[[ Given information, beginning ]]
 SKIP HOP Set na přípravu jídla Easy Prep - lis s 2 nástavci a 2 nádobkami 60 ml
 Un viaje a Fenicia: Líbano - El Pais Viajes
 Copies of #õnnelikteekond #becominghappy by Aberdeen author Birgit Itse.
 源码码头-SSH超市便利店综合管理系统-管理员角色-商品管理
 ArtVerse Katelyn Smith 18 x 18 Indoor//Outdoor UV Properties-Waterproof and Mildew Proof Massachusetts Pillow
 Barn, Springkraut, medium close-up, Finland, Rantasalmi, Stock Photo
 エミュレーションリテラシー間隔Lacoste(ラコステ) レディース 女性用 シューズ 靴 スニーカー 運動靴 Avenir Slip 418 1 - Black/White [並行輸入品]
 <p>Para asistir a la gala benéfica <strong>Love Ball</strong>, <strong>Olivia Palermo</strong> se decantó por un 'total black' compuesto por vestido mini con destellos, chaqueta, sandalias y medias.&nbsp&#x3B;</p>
[[ Given information, end ]]
# Task to carry out
Only the lines from the first line of the records through the one containing "ArtVerse Katelyn Smith" should be reproduced, exactly, with both of them included.

# Response area
 SKIP HOP Set na přípravu jídla Easy Prep - lis s 2 nástavci a 2 nádobkami 60 ml
 Un viaje a Fenicia: Líbano - El Pais Viajes
 Copies of #õnnelikteekond #becominghappy by Aberdeen author Birgit Itse.
 源码码头-SSH超市便利店综合管理系统-管理员角色-商品管理
 ArtVerse Katelyn Smith 18 x 18 Indoor//Outdoor UV Properties-Waterproof and Mildew Proof Massachusetts Pillow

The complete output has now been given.